2) clickhouse-client connected from the same node to secure port works properly?
3) Do you see any errors in logs of the nodes initiating query, or in logs or shards, when the exception happen?
4) you say you're using https too, did you configure ports for Distributed engine correctly (didn't mess https_port and tcp_port_secure)?
5) when you get that exception - are all cluster nodes updated & clickhouse-server restarted?
6) if you are familiar with docker/docker-compose - can you create a minimal sample setup reproducing that issue?
check
cat /proc/sys/kernel/random/entropy_availTry rng-tools or haveged at test cluster https://www.cyberciti.biz/open-source/debian-ubuntu-centos-linux-setup-additional-entropy-for-server-using-aveged-rng-tools-utils/ to check that an entropy starvation is the reason.

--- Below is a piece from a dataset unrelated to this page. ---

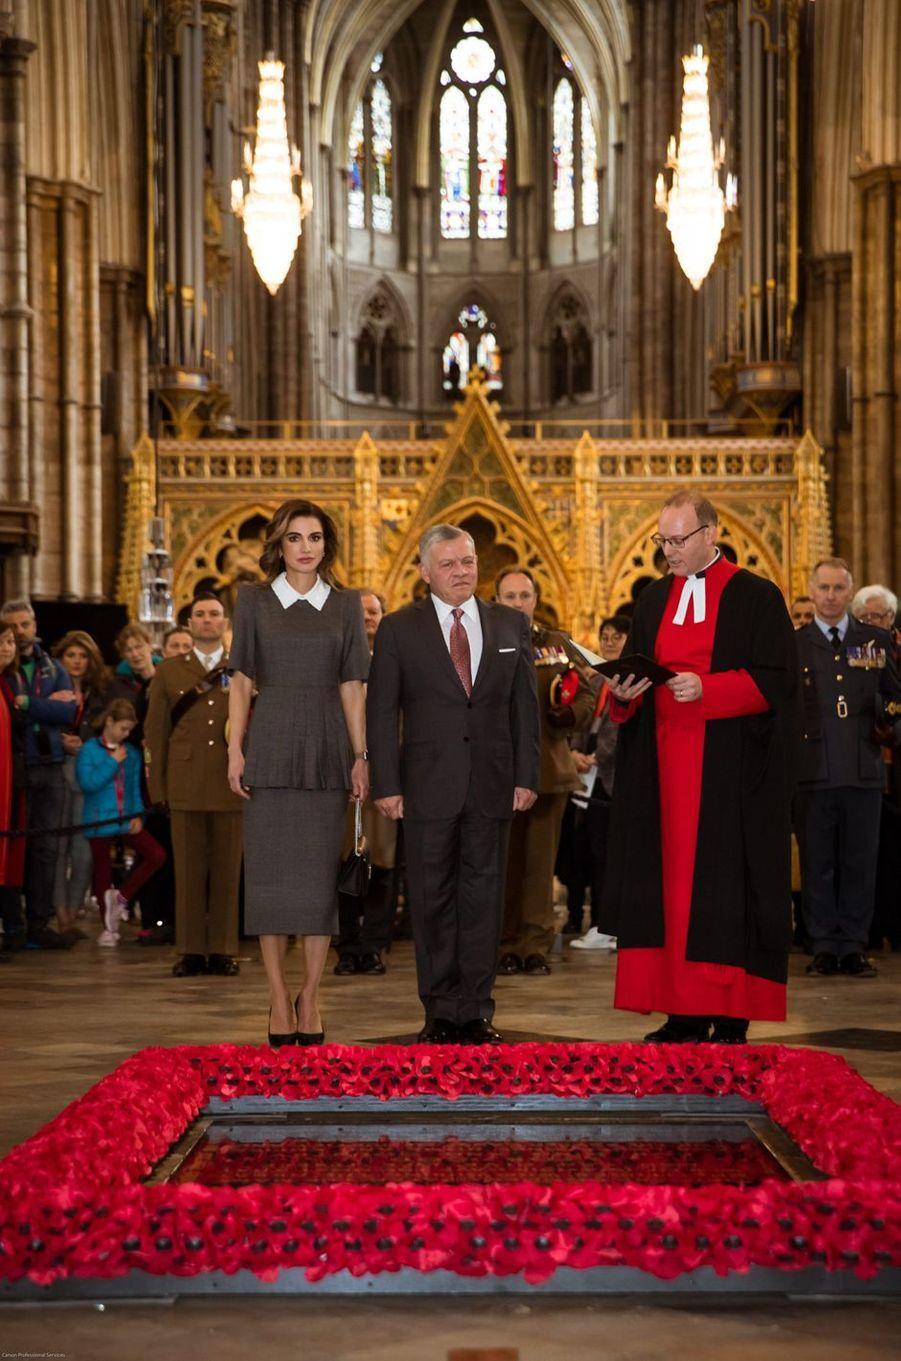 Le roi Abdallah II et la reine Rania de Jordanie à Londres, le 28 février 2019

We have already haveged running on our servers. cat /proc/sys/kernel/random/entropy_avail gives back numbers around 3400.
- do you face that issue only for Distributed queries?
Locally the query runs fine.
- clickhouse-client connected from the same node to secure port works properly?
When we run clickhouse-client -s we get the following error message
ClickHouse client version 20.1.2.4 (official build).
Connecting to localhost:9440 as user default.
Code: 210. DB::NetException: SSL Exception: error:14000438:SSL routines::tlsv1 alert internal error (localhost:9440)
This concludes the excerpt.